(post abbozzato prima delle elezioni politiche del settembre scorso: sempre valido, comunque)
Viviamo una situazione piuttosto complicata, una matassa difficile da sbrogliare.
E non solo a livello di politica italiana.
Si tratta di maneggiare un viluppo incandescente: è quasi impossibile non scottarsi.
In questo contesto ci dovrebbe essere la fuga dal ‘potere’.
Una forza politica seria dovrebbe fare di tutto per non raccogliere consensi, per non andare in Parlamento, per non rischiare di mettere insieme più voti degli altri e azzardare di essere incaricata di governare in prima persona.
Si dovrebbe realizzare un tale ‘vuoto’ di potere da costringere il presidente della Repubblica a creare un governo con un vero e proprio atto di forza, ai limiti dell’incostituzionalità.
Invece assistiamo a tutt’altro spettacolo.
Partiti e politici fanno letteralmente di tutto pur di conquistare la plancia di comando, pur di installarsi nella stanza dei bottoni.
Urla, rivelazioni, colpi bassi, processi alle intenzioni, dichiarazioni di fede non richieste, attacchi e insinuazioni …: i nostri candidati non si fanno mancare niente pur di agguantare la fatidica poltroncina.
Come mai?
Forse hanno introiettato a tal punto l’idea di ‘servizio’ da essere pronti a sacrificare la vita e quella della propria famiglia sull’altare del bene comune?
O, vestendo i panni di Indiana Jones si sono riproposti di ricercare l’arcano motivo per cui l’Italia si trova sempre a vivere sull’orlo di un abisso senza mai riuscire a precipitarci dentro?
Oppure, infine, indossando il mantello dell’anziano saggio Gandalf hanno maturato la consapevolezza di dover contribuire a schiacciare i nemici dell’Italia liberando così le sue migliori energie?
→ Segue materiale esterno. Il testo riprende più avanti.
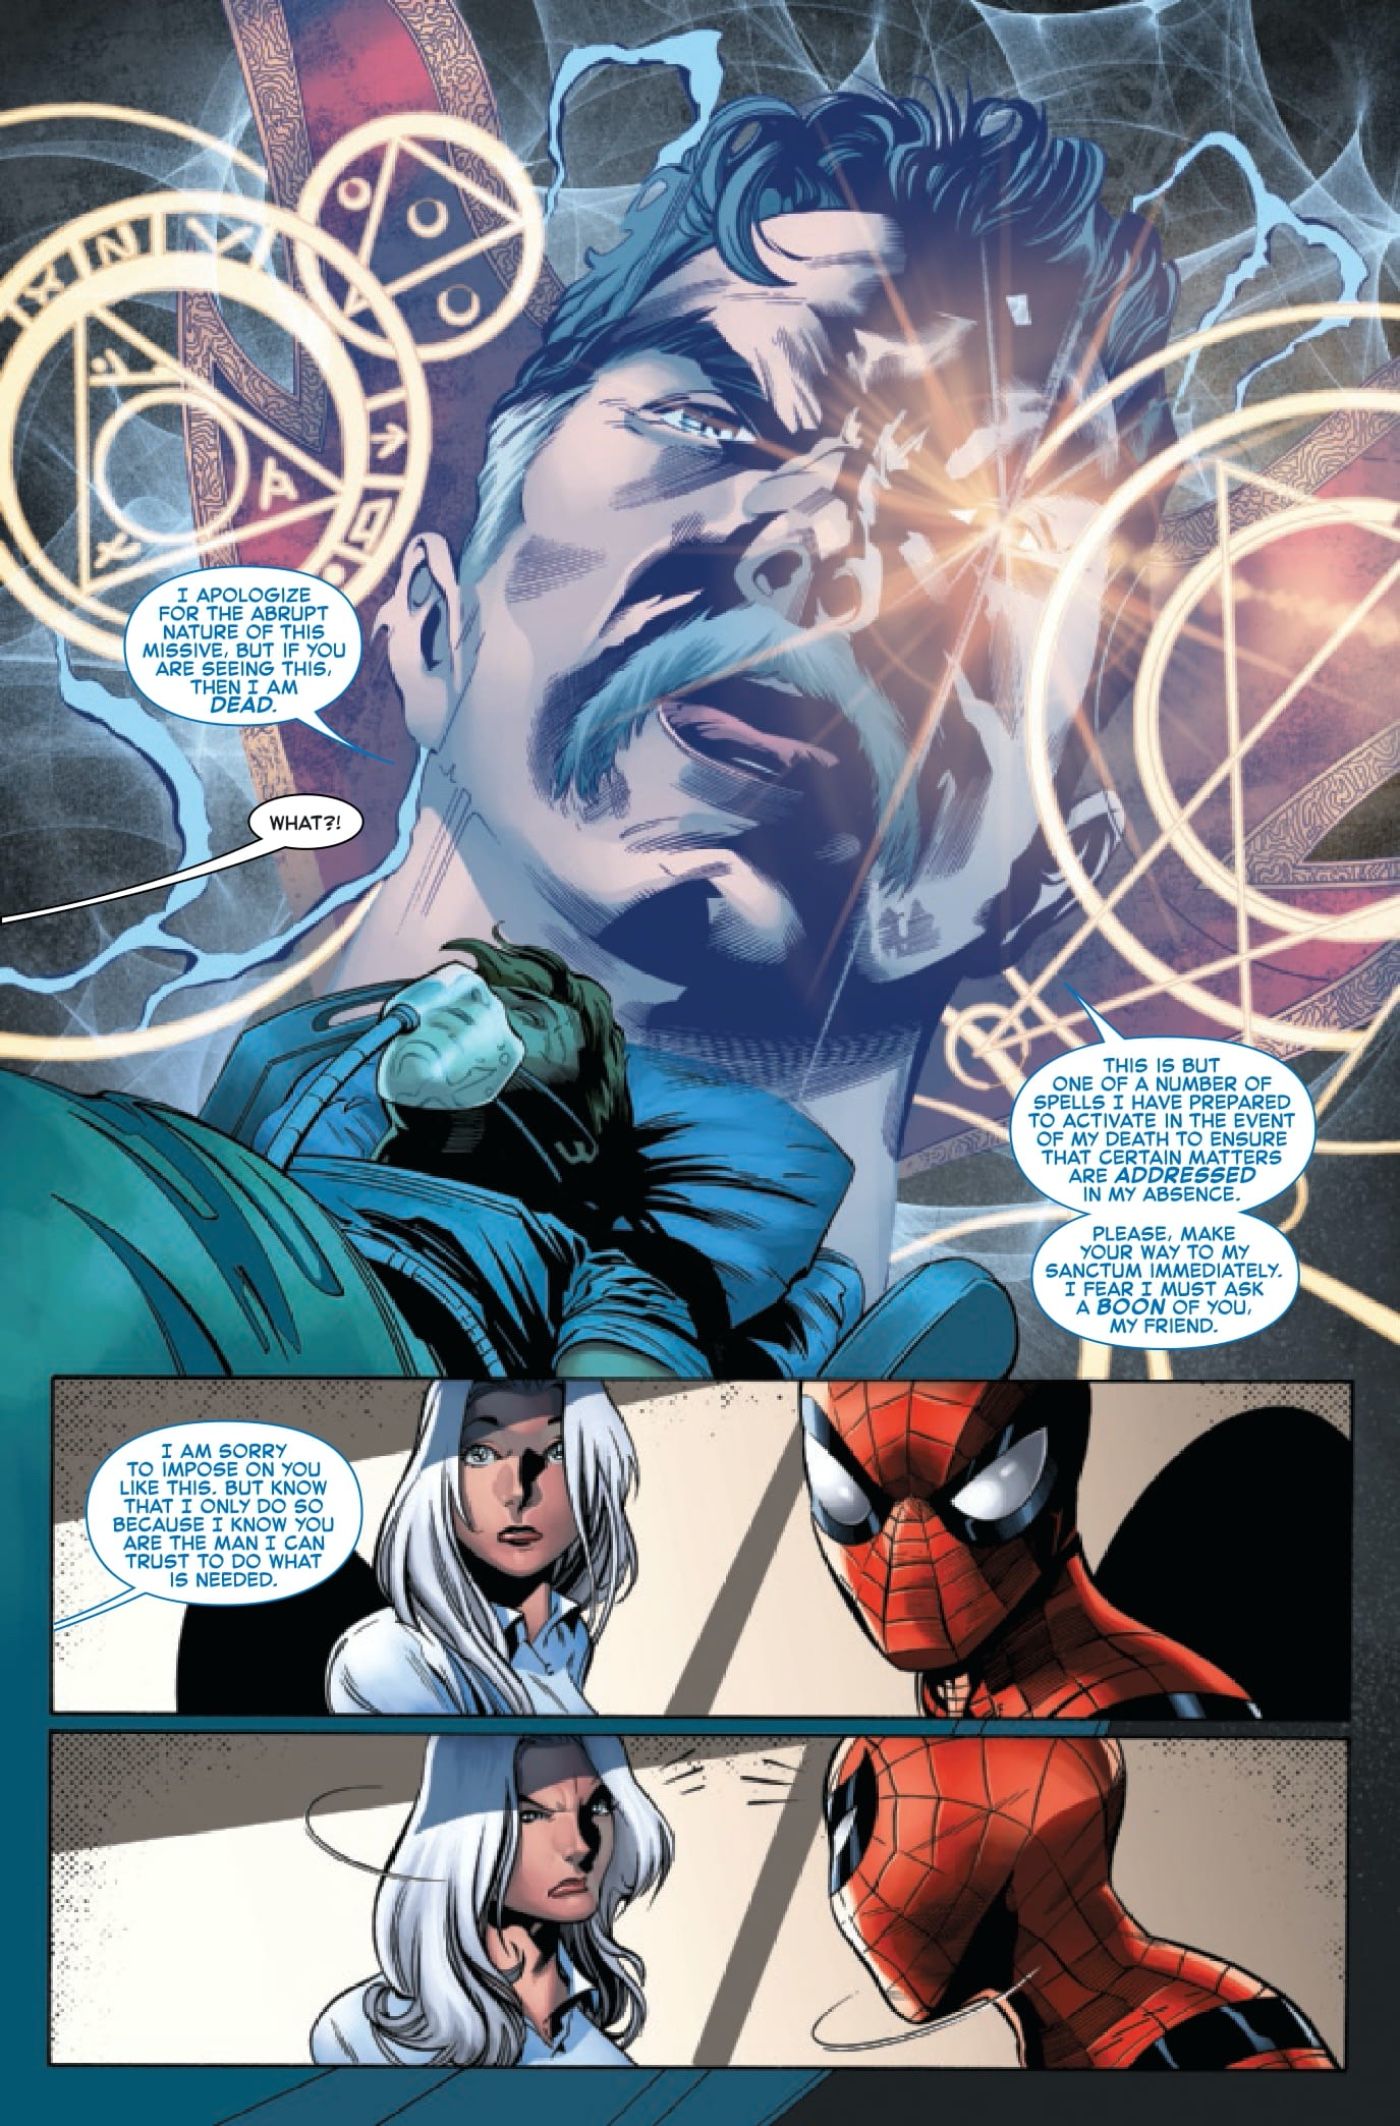 Doctor Strange interrupts Black Cat and Spider-Man's argument

Non lo so e non posso essere nella testa dei ‘concorrenti’: posso però dire che queste argomentazioni mi sembrano poco plausibili?
Credo che, alla base della follia di correre per conquistare un potere oltremodo oneroso e pericoloso, ci sia la forte attrazione del ‘potere’.
È nota a tutti la scultorea sentenza di Andreotti: ‘il potere logora chi non ce l’ha’.
A noi, poveri mortali, è sembrata una boutade senza senso, una delle tante che il ‘nostro’ Tallyerand dispensava generosamente ai suoi devoti ammiratori.
Era invece una pura e semplice constatazione, una presa d’atto della realtà nuda e cruda.
Il potere bisogna esercitarlo, qualunque sia la contingenza, perché il potere dà prestigio e benessere: sempre e comunque.
Chi non concorre per esercitare il potere perché la situazione è complicata avrà forse letto e capito Kant ma non ha letto né compreso Machiavelli.
Il potere trasforma automaticamente e direttamente i suoi gestori in privilegiati: sotto il profilo sociale e antropologico.
E, soprattutto, li gratifica enormemente sul piano economico. Argomento sottaciuto e snobbato ma, in realtà, di irresistibile attrazione.
Senza contare l’indotto’.
È chiaro che la maggior parte di candidati non corrono ‘da soli’, come individui isolati ma concorrono aiutati e trascinati da una folta schiera di sostenitori che dall’elezione spera comunque di ricavarne un vantaggio (cosa che, immagino, puntualmente succede)
Ecco svelato l’arcano.
Che tale era solo per gli ingenui e gli sprovveduti.
Il sacro fuoco del potere prende tutti, neofiti e navigati.
I primi bramano entrare, mettere piede ‘dentro’, agguantare le leve del comando: indipendentemente da tutto.
I secondi l’hanno già fatto una miriade di volte, sanno come fare, sono certi che non si scotteranno le dita ma continueranno ad assaggiare il miele.
Neofiti e navigati affollano ugualmente tutti i partiti: sono mossi da spinte differenti, propongono narrazioni anche molto diverse tra loro ma lo scopo finale, consapevole o no, è lo stesso per tutti.
E il benessere pubblico? Solo una cartina di tornasole?
Non voglio dire questo né voglio negare che ci siano alcuni che pensano anche, se non soprattutto, a realizzare un sempre maggiore benessere generale.
Tuttavia rinnegherò le mie idee quando constaterò la fuga dei candidati: quando cioè, soprattutto nei periodi ‘negativi’, i partiti faticheranno a trovare aspiranti disposti ad accettare una carica pubblica elettiva.
È chiaro che, al contrario, finché ci sarà la corsa e la lotta per accedere, le mie convinzioni continueranno ad avere un loro fondamento.
E l’accusa di ‘qualunquismo’ sarà solo un’arma spuntata.